今年2月3日付の合意書で、既に刊行されている版の絶版と、該当個所の書き直しで両者が一致した。
 田口さんは「片山さんの作品に共感した。この程度の使用は問題ないと判断した。しかし、使用個所は片山さんの趣旨と異なってしまい、申し訳ない。指摘をいただいた個所については書き直しをすることにした」と話している。
――asahi.com 2月16日付け 07:27

 もうひとつは、こちらもおのれで犯行を認めちまってるんですが、藤森直子の『Fuckin’ Blue Film』からの「万引き」案件。田口の小説『アンテナ』の中のSM女王の描写などがほぼそのまんま使われていた、というものであります。こちらも以下、報道記事を。

田口ランディが無断引用、小説「アンテナ」改稿へ
 作家田口ランディさんが小説「アンテナ」の中で、主人公のモデルになった女性がインターネットで公開している日記を無断で使用したとして、田口さんと出版元の幻冬舎は1日までに、日記の執筆者に謝罪し、該当個所を全面的に書き換えて文庫本で出版し直すことを決めた。
 田口さんなどによると、一昨年に刊行された「アンテナ」の中に書かれた風俗店などの描写について、この女性の日記と同じ表現を使っているとの指摘が読者から寄せられ、田口さんは無断使用を認めた。田口さんはこの女性の著書に解説文を書いているが直接会ったことはなく、女性の著書を刊行した出版社を通じて謝罪したという。
田口さんは「ストーリーも含めて全面的に改稿した。
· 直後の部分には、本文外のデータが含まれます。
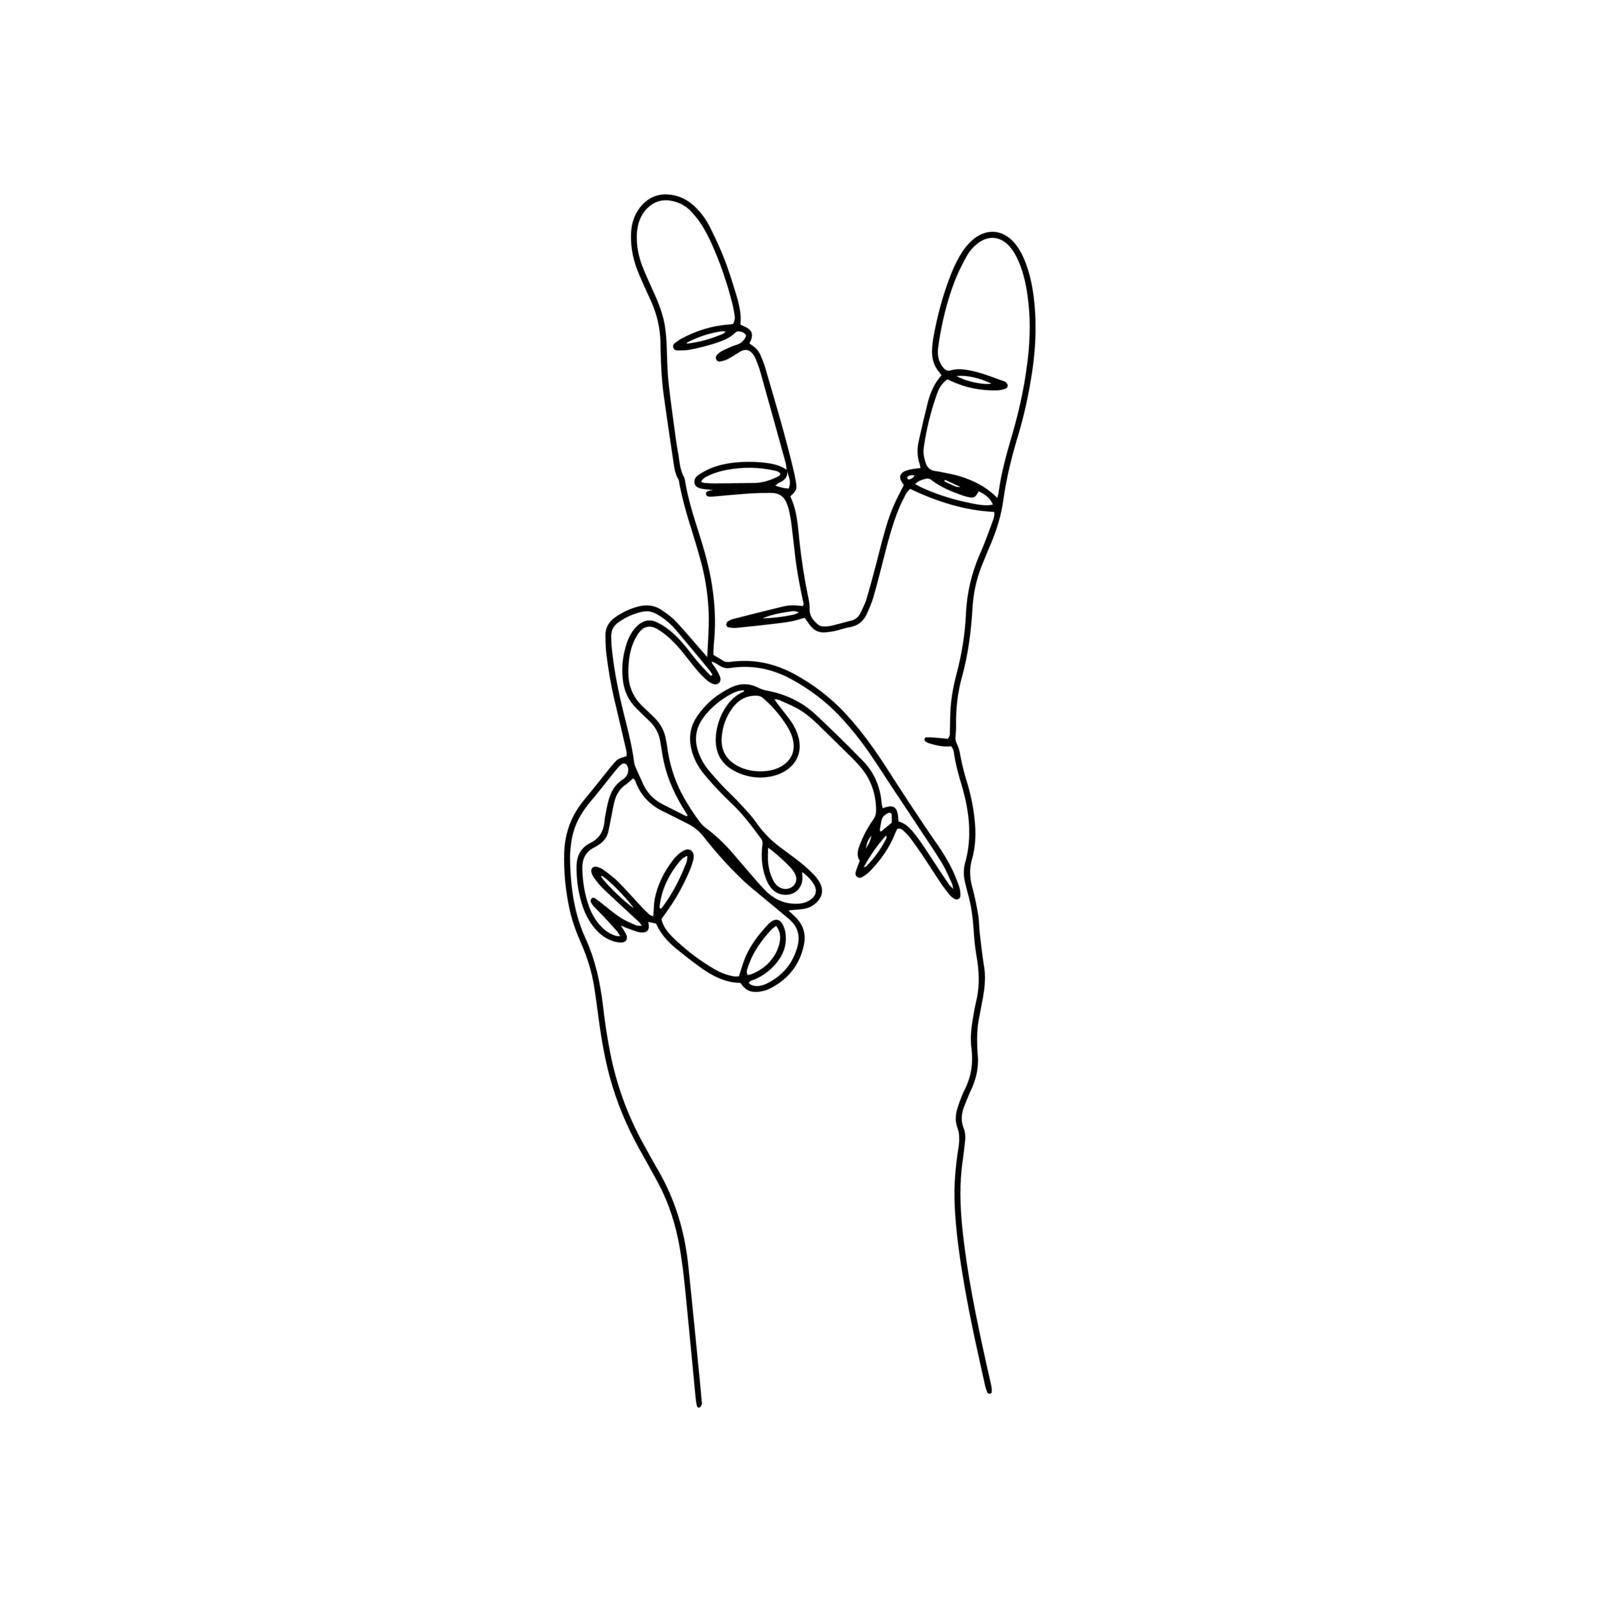 Hand gesture symbol of victory line art vector by TassiaK

ご迷惑をおかけしてしまった」としている。田口さんの小説では昨年4月に刊行され、直木賞候補になった「モザイク」でも、作品の一部に 整体師の著作から無断で使用した個所があると指摘され、該当個所を書き直している。
――共同通信社配信記事

 普通、こういう場合、回収、そして絶版、というのが版元のとるべき処置だと思うんですが、「該当個所を書き直して文庫本として出版し直す」というのは、あたしゃ不勉強にしてこれまで聞いたことがない。だったらその「万引き」部分だけなしにしたらいいんでしょ、フンッ、というこの開き直りは、田口本人の主張なのか、はたまた版元幻冬舎の経営方針なのかわかりませんが、どっちにしてもまともじゃない。こういうバカにこういう版元、なのです。

 一応、表沙汰になっているのはこの二件ですが、これ以外にも「万引き」疑惑が指摘されているものは数限りなくあります。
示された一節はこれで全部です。